Perscription Drugs

Menstuff® has compiled the following information on Perscription Drugs.

Real Time Death Toll as of

Bad Combinations: Drug interactions you and your doctors need to worry about.
Drug Expiration Dates: Take Them Seriously
90-Days Painkiller Supplies Endorsed by DEA


Drug Expiration Dates: Take Them Seriously

You grab an aspirin or uncover a prescription drug that used to soothe your back pain -- and then notice the expiration date is long past.

Should you use the medicine, or not?

Some pharmaceutical experts are fond of pointing to a study done for the U.S. Army that found that many drugs were still usable nearly five years after the expiration date. But other experts say it isn't worth the risk and you should toss old drugs.

The Army study was presented at the 2002 U.S. Food and Drug Administration science forum. The review examined 96 different drugs, and included 1,122 lots in all, and found that 84 percent remained stable 57 months beyond the expiration date.
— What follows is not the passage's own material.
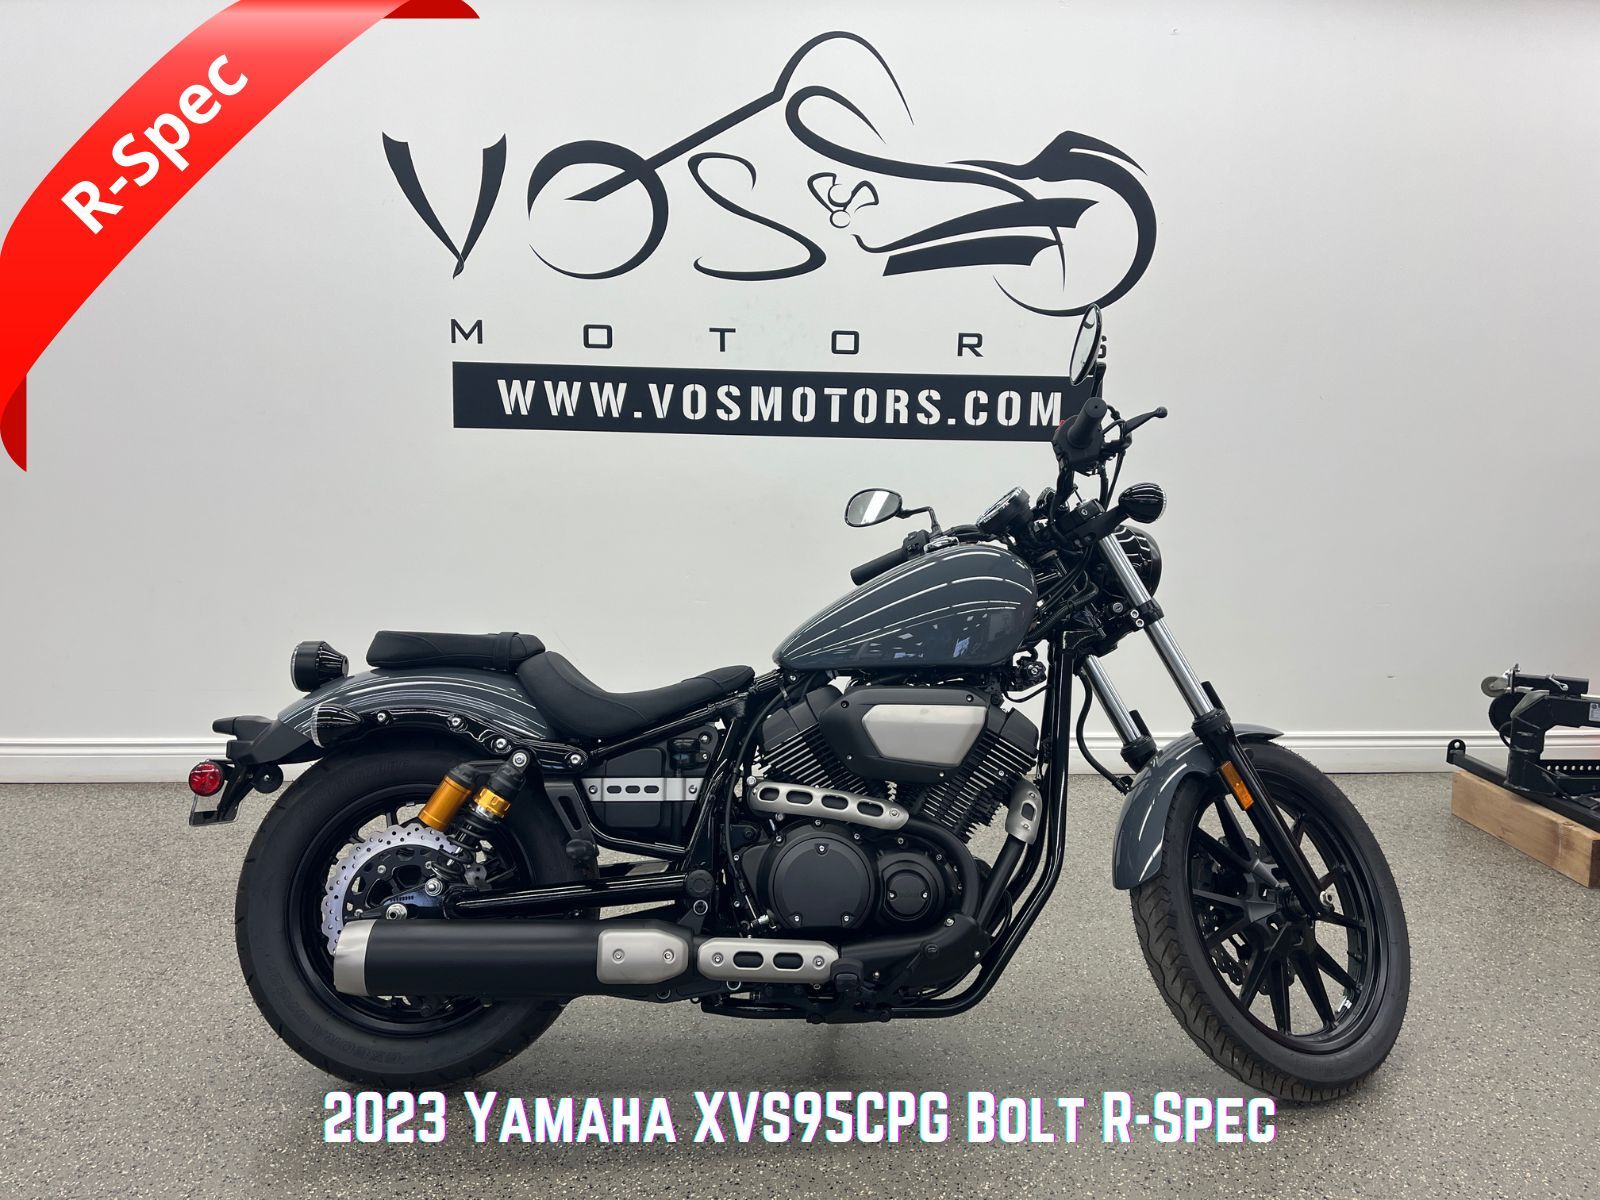 2023 Yamaha XVS95CPG Bolt R-Spec - V5836 - -No Payments for 1 Year**

But even the researchers, in their report, said the additional stability period is "highly variable," depending on the drug.

"I would take expiration dates seriously," said Cynthia LaCivita, a pharmacist and director of clinical standards and quality for the American Society of Health-System Pharmacists, in Bethesda, Md.

"The longer you go beyond the expiration date, the more question there is about the activity of the drug," LaCivita added. "There are some other studies that show over time some of these drugs are degraded."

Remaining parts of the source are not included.